He nodded. “It won’t happen to you, I’m sure of that, you’re not the kind.”
Fortunately, the cat from the courtyard distracted our attention, it came in through the window and strolled between our legs. We sat there, watching the cat.
We left just after midnight. He left us on the sidewalk outside his building, both hands in his pockets, standing very straight. Marco had his car with him and we went back together, going through Courbevoie, through places we’d known forever and which I really couldn’t recognize anymore in spite of everything. I would never have suspected … Neither would I, I said. Neither would I.
“Did you notice how he carefully avoided talking about his job today?”
We were driving along the riverbank now, no need to go that way, but after all why not?
“By the way,” I said, “I’m going to buy a scooter.”
“Is that so?”
We slowed down on the Pont de Levallois.
“Why didn’t he talk about his job, do you know?”

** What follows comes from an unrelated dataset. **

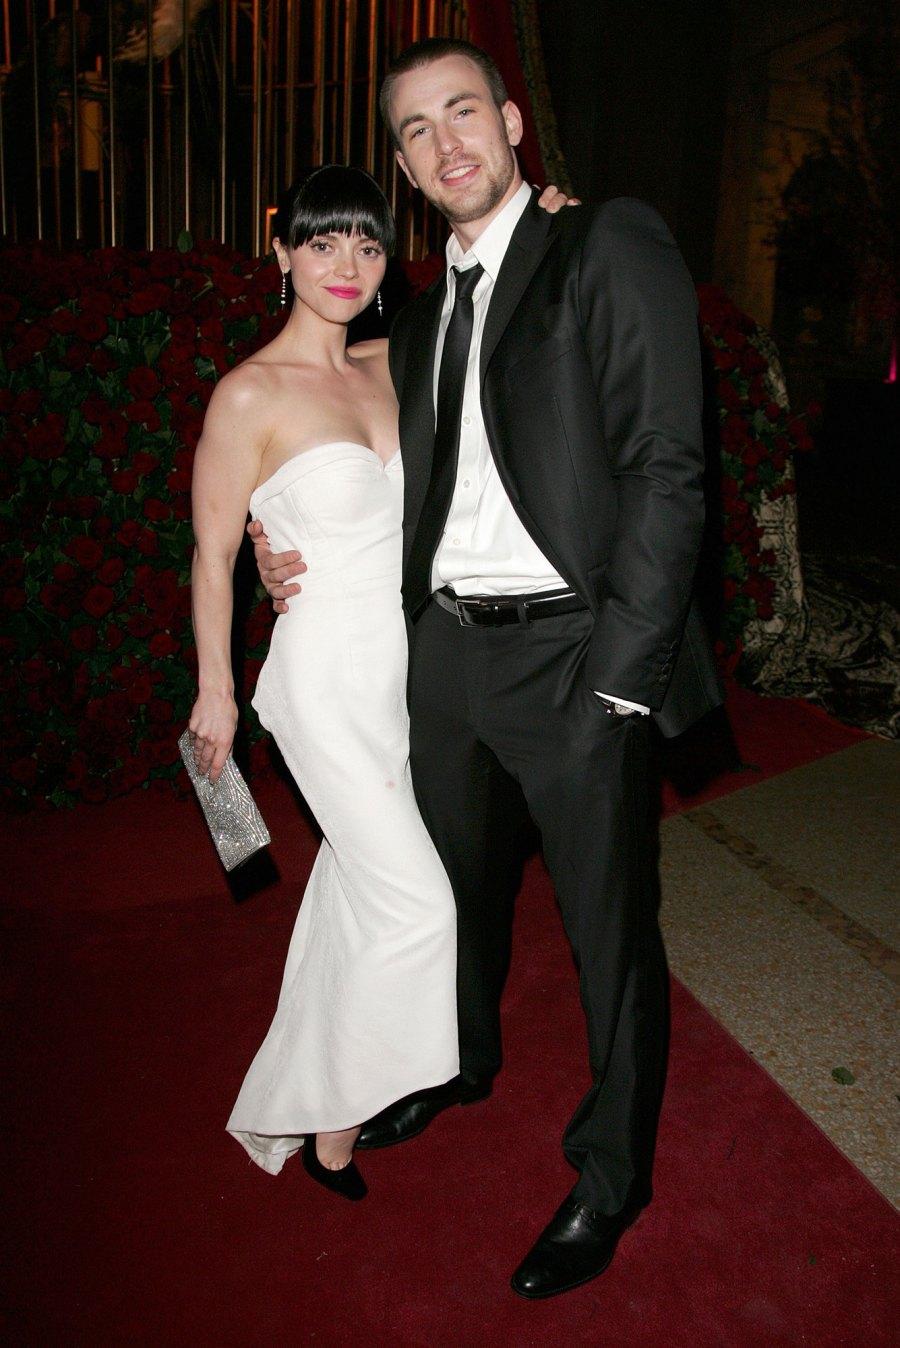 Christina Ricci 2007 Chris Evans Complete Dating History

“It isn’t going well … I talked to the guy I know, they don’t want to keep him on.”
“Really?”
For years, there had been cobblestones along here. The road had been restored and enlarged, but in places there were still cobblestones on the road to Asnières.
“He’s always late, he gets into arguments, he has a nasty temper.”
We didn’t say anything more after that. Marco dropped me off outside my building. I didn’t have any messages on the answering machine. I drank a large glass of water. I took a couple of aspirin because of all the pastis, I should have been more careful. If I’d dared I would have called Benjamin, but it was far too late. So I went to bed.
I hadn’t heard much from Marie lately. We were a little angry with each other, especially her, I think. How have you lived all these years, why don’t you go back to your wife? She blamed me for not telling her these things, it was the first time in a very long time that I’d been asked that question, I hadn’t been able to answer her immediately. She drove in the nail: it’s as if you haven’t gotten over her, is that it? We were at her place, in Brochant, we’d actually had a nice evening. We were still trying to please each other, and perhaps to love each other, it was a gift when it came down to it, for a guy like me, but it was that thing about not getting over my wife that set me off. Why had her saying that gotten me so riled up?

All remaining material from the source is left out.